25:          * Then we'll start filling from the largest disc working back to the
26:          * smallest.
27:          */
28:         Arrays.sort(total);
29:
30:         // Start with the largest drive.
31:         int i = total.length - 1;
32:
33:         // The number of drives needed.
34:         int count = 0;
35:
36:         while (capacityNeeded > 0) {
37:             count++;
38:
39:             // Subtract the current drive's capacity from the amount needed.
40:             capacityNeeded -= total[i--];
41:         }
42:
43:         return count;
44:     }
45: }
Notes:

This solution is a simple example of using a greedy algorithm. We'll fill up the largest drives first, and use up smaller and smaller drives as necessary.

The first step is to determine the toal amount of space that your data requires. This is calculated by the for loop starting on line 19, and is stored in the variable capacityNeeded.

Next, the drives are sorted by their capacity using Arrays.sort(). This will arrange the array with the smallest element first.

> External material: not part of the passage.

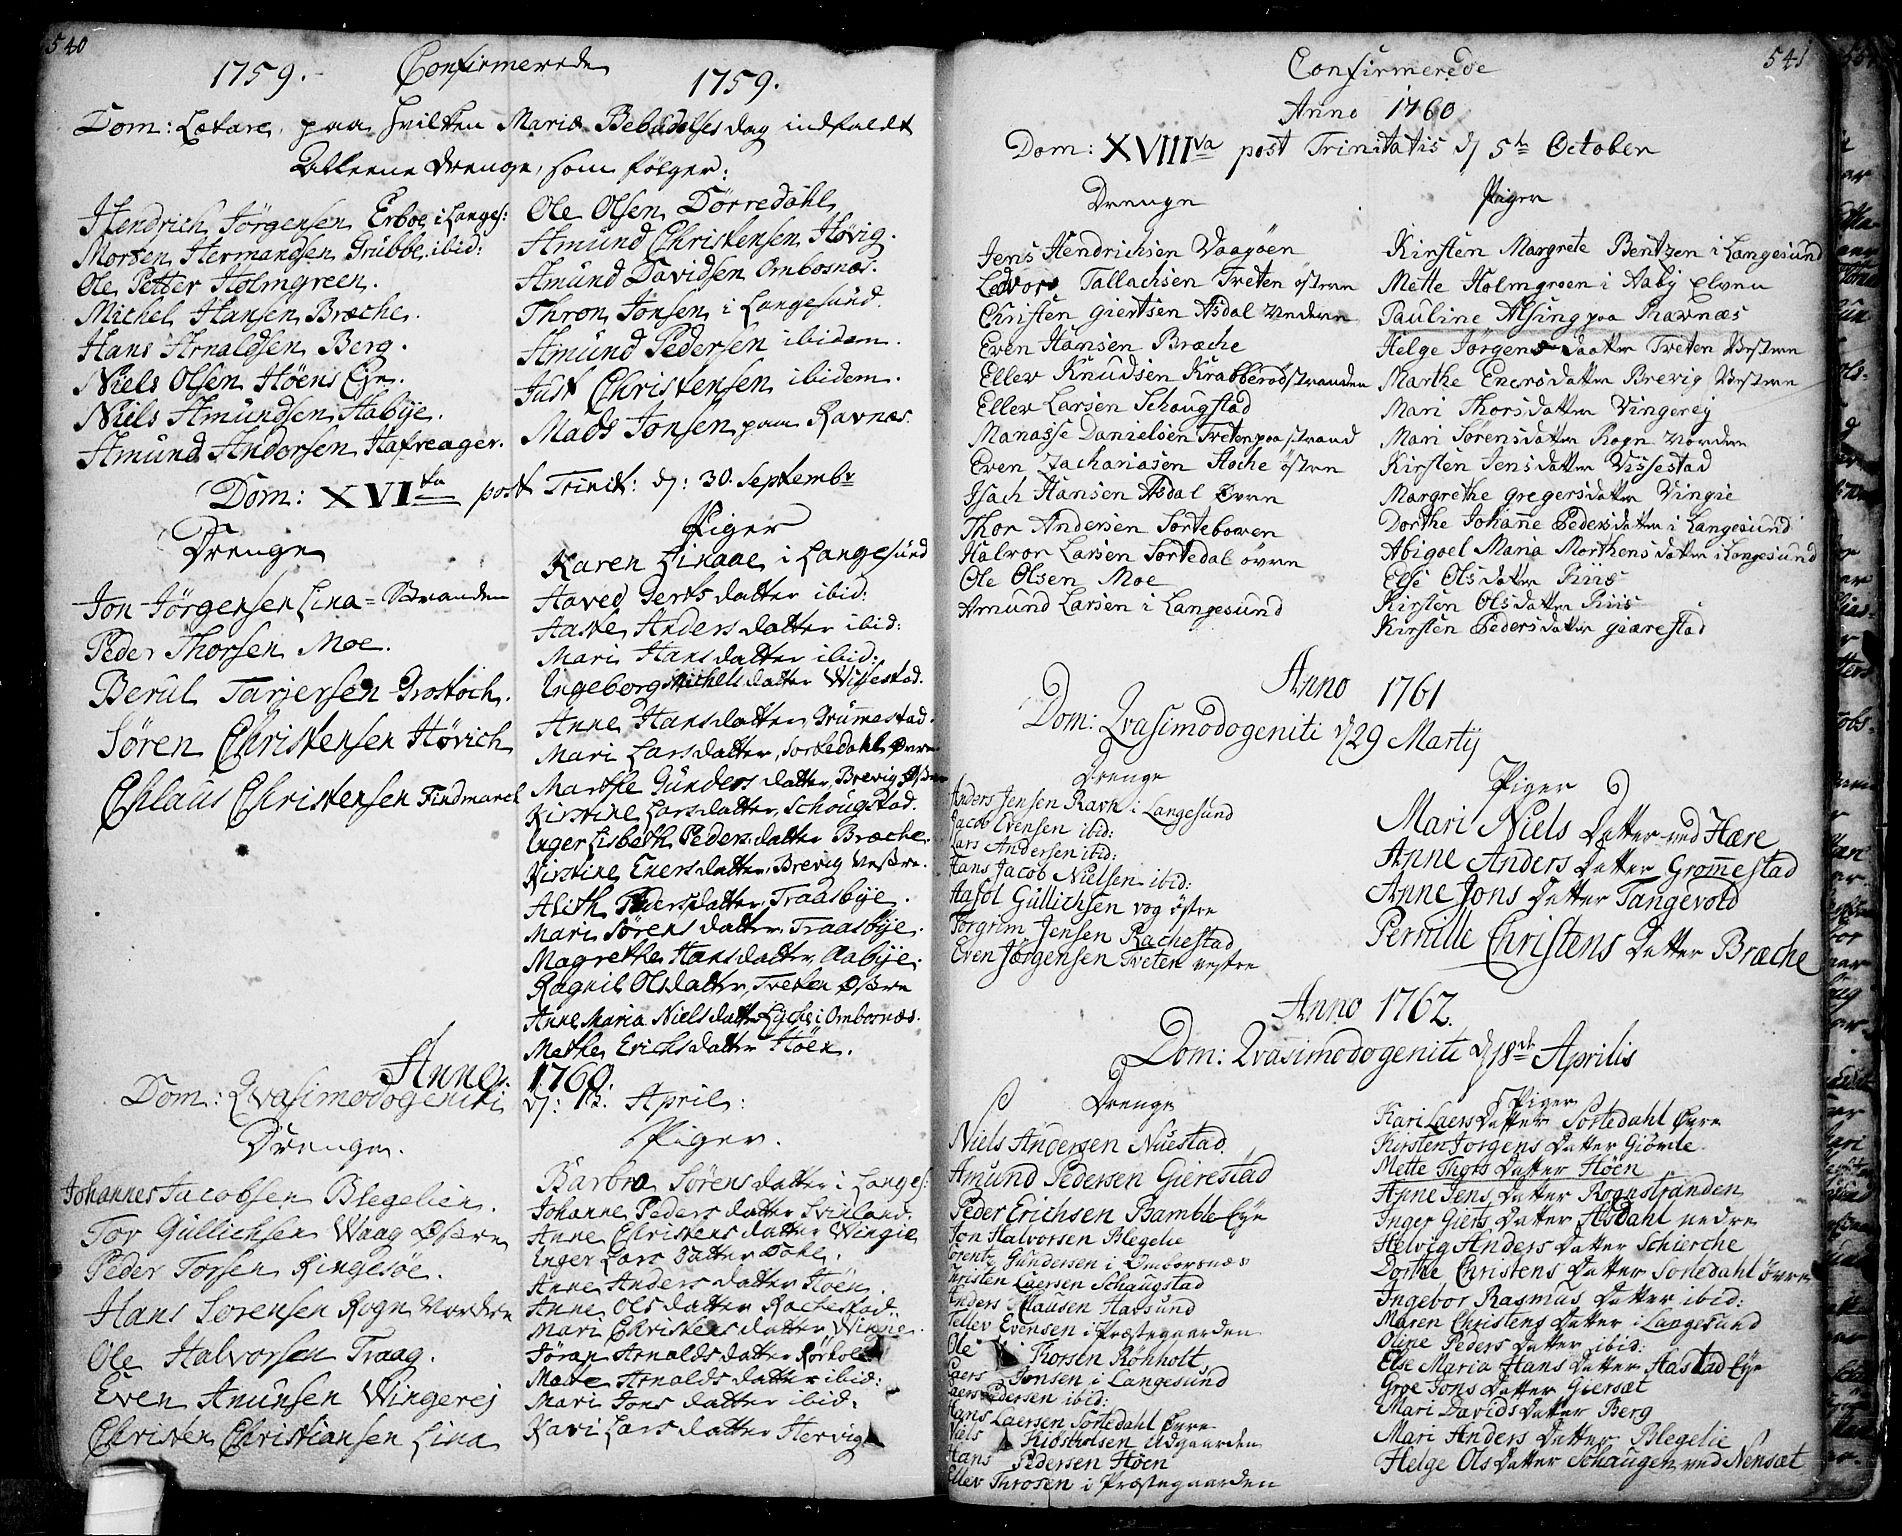 SAKO, Bamble kirkebøker, F/Fa/L0001: Ministerialbok nr. I 1, 1702-1774, s. 540-541

Finally, we begin filling the drives, beginning with the largest one at the end of the total[] array and working backward to the smaller drives. For each drive, we subtract their volume from capctiyNeeded, until capacityNeeded is no longer greater than zero.

We don't need to worry about not having enough space, because the problem statement guarantees that the capacity of the drives will be large enough.

Also, it's good to remember that Java provides the methods Arrays.sort() and Collections().sort for sorting.